# Kessie Barça: contratto da 6,5 mln a stagione.



## admin (3 Luglio 2022)

Come riportato da El Mundo, Kessie (che come ampiamente riferito sarà presentato mercoledì) al Barcellona guadagnerà 6,5 mln di euro a stagione.

UFFICIALE KESSIE AL BARCELLONA


----------



## Jino (3 Luglio 2022)

admin ha scritto:


> Come riportato da El Mundo, Kessie (che come ampiamente riferito sarà presentato mercoledì) al Barcellona guadagnerà 6,5 mln di euro a stagione.



Noi offrivamo 4/5 vedi Theo.
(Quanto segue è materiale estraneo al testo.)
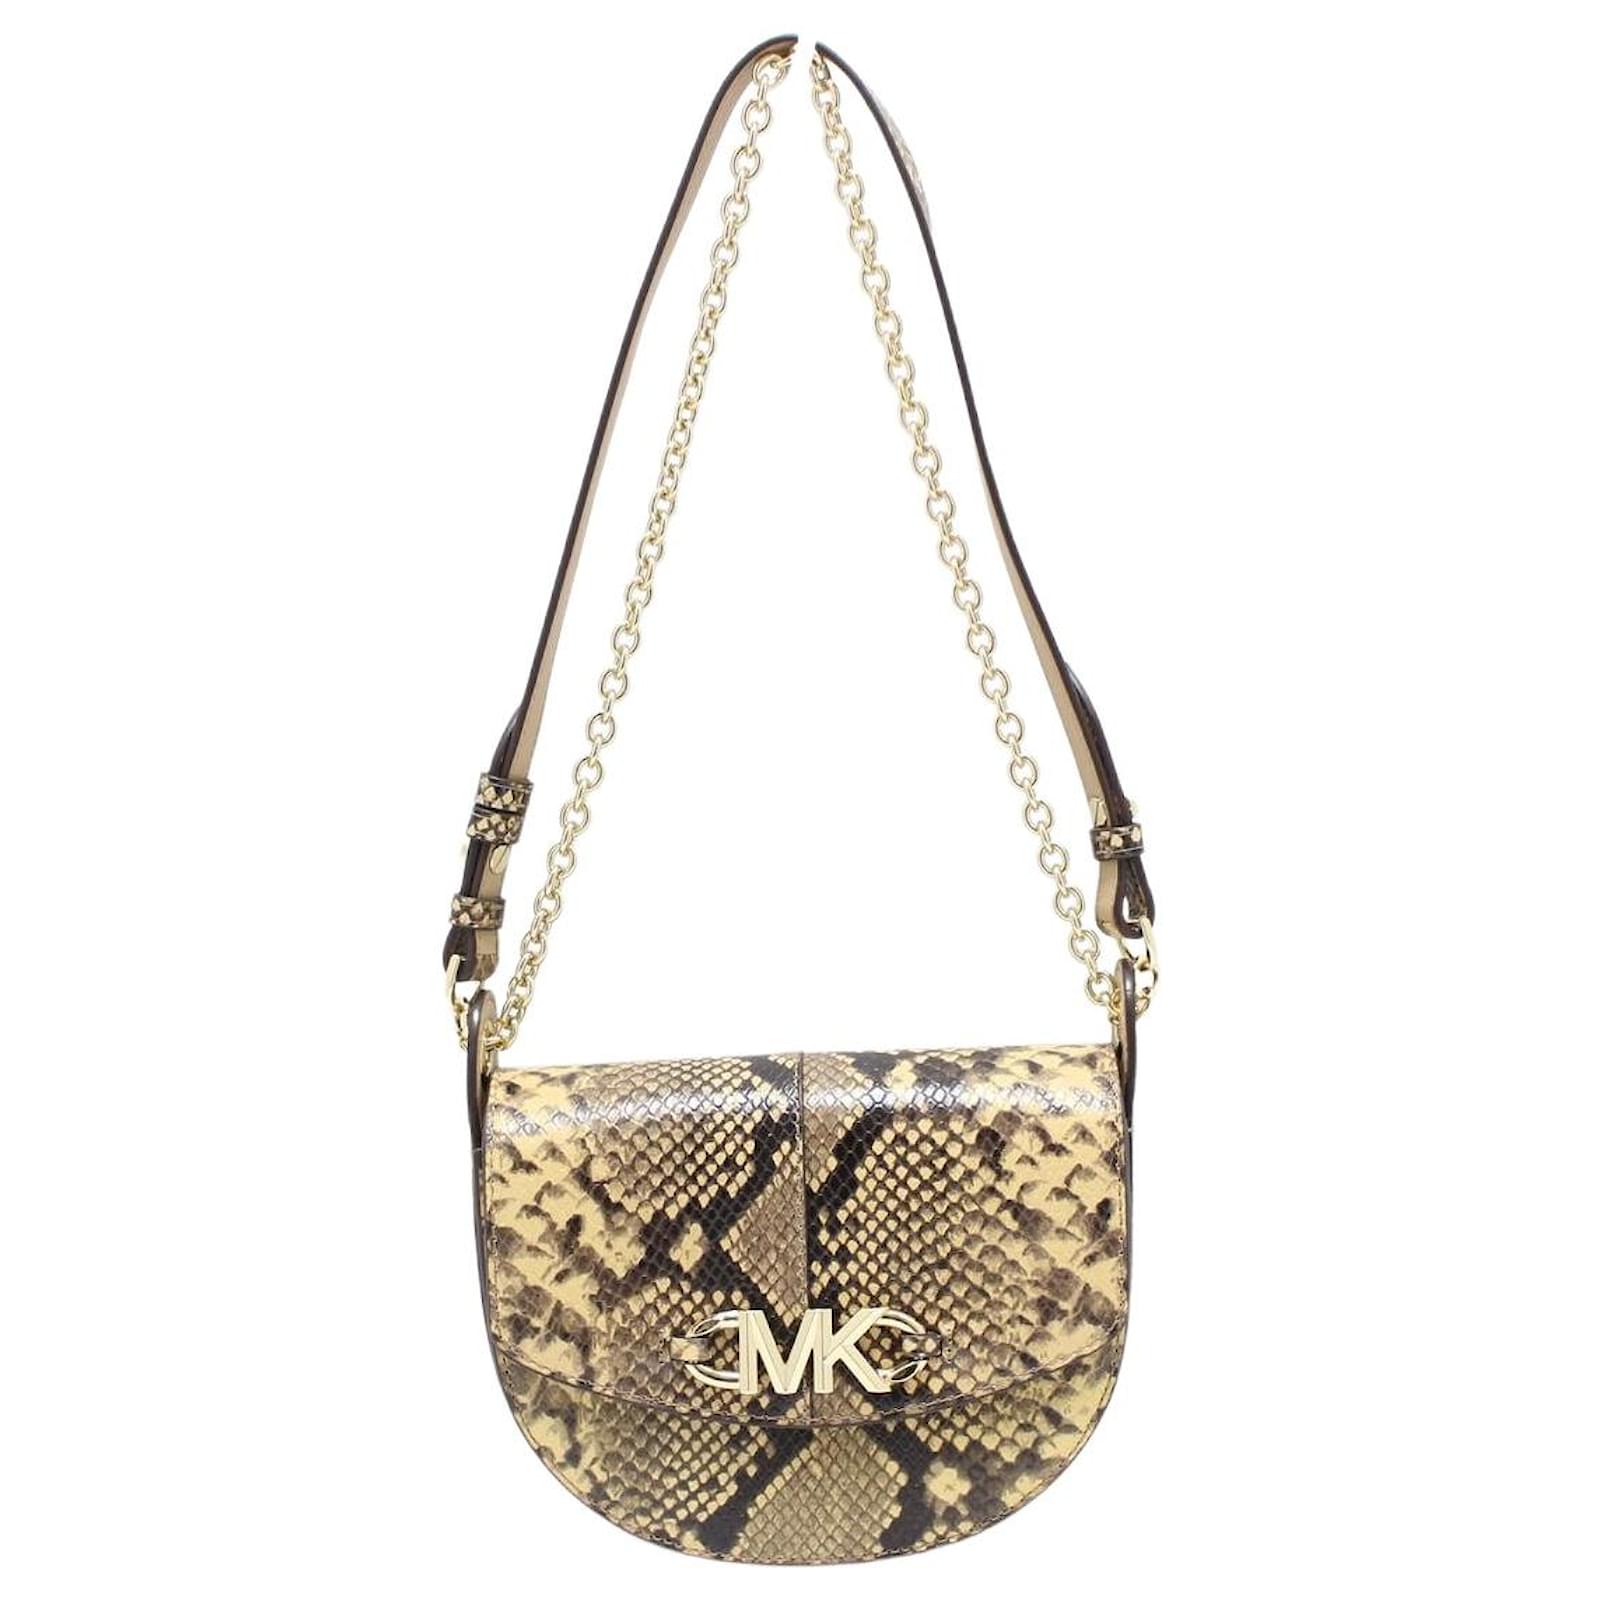 Michael Kors Animal Print Handbags

Come poteva accettare?! Il calcio è questo.


----------



## Antokkmilan (3 Luglio 2022)

Il Milan ne offriva 4 netti più i bonus arrivava a 4,5 come Theo. Be che dire, se avesse voluto rimanere sarebbe rimasto oltretutto dopo le frasi dello scorso anno; ma si sa, chi vuole rimanere una soluzione la trova( Theo).


----------



## Simo98 (3 Luglio 2022)

Kessiè non ci azzecca nulla con il Barca e con quello stipendio gli rimarrà nel groppone per anni


----------



## ARKANA (3 Luglio 2022)

Jino ha scritto:


> Noi offrivamo 4/5 vedi Theo. Come poteva accettare?! Il calcio è questo.
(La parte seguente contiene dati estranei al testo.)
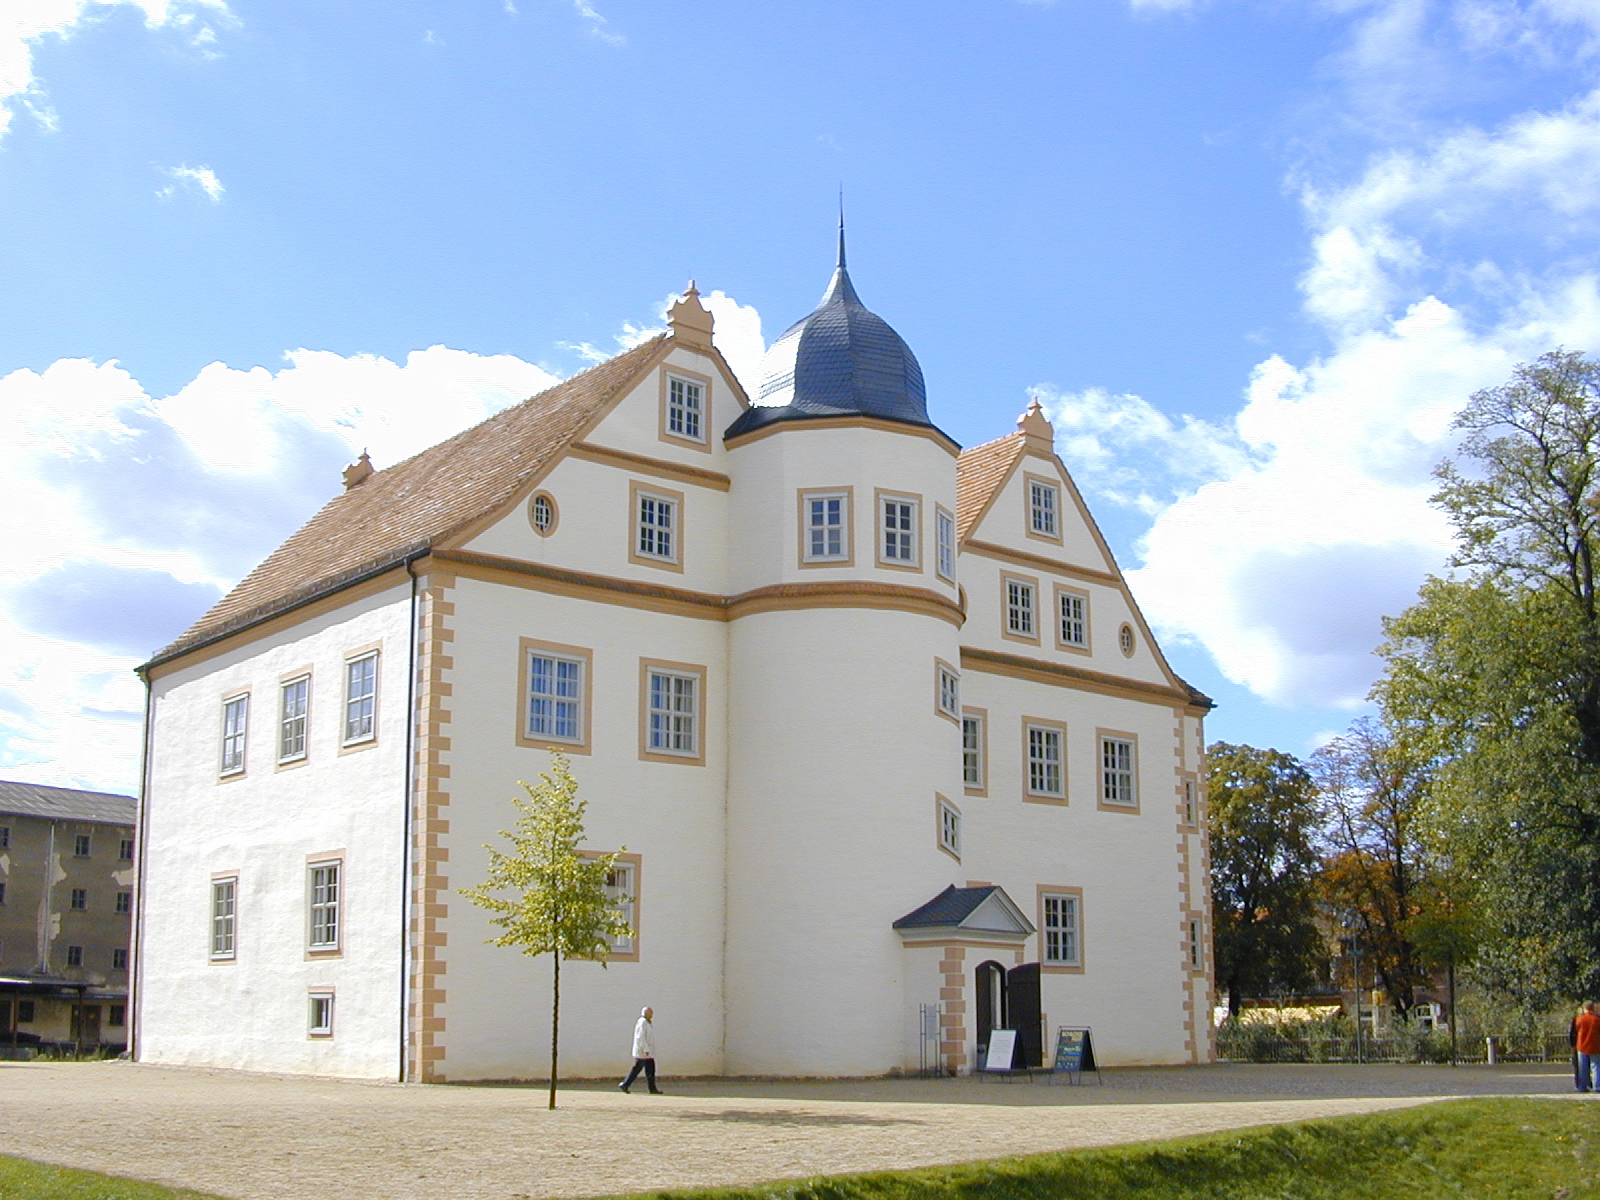 Schloss Königs Wusterhausen.

Secondo me svendersi per 1.5 milioni (per quanto possano essere per un comune mortale) è di una tristezza assoluta, qui era amato, si trovava bene e poteva aprire un ciclo. 1.5 di differenza potevano essere benissimo presi con bonus vari.
Secondo me alzeremo noi una coppa europea prima del barcellona, fosse andato la 10 anni fa niente da dire, rischiava di vincere la champions ogni anno, ma ora? Sinceramente non capirò mai la sua scelta.


----------



## alexpozzi90 (3 Luglio 2022)

6,5 per un mediano fisico non si possono vedere, già i 4,5 nostri erano il limite assoluto.


----------



## Antokkmilan (3 Luglio 2022)

ARKANA ha scritto:


> Secondo me svendersi per 1.5 milioni (per quanto possano essere per un comune mortale) è di una tristezza assoluta, qui era amato, si trovava bene e poteva aprire un ciclo. 1.5 di differenza potevano essere benissimo presi con bonus vari.
> Secondo me alzeremo noi una coppa europea prima del barcellona, fosse andato la 10 anni fa niente da dire, rischiava di vincere la champions ogni anno, ma ora? Sinceramente non capirò mai la sua scelta.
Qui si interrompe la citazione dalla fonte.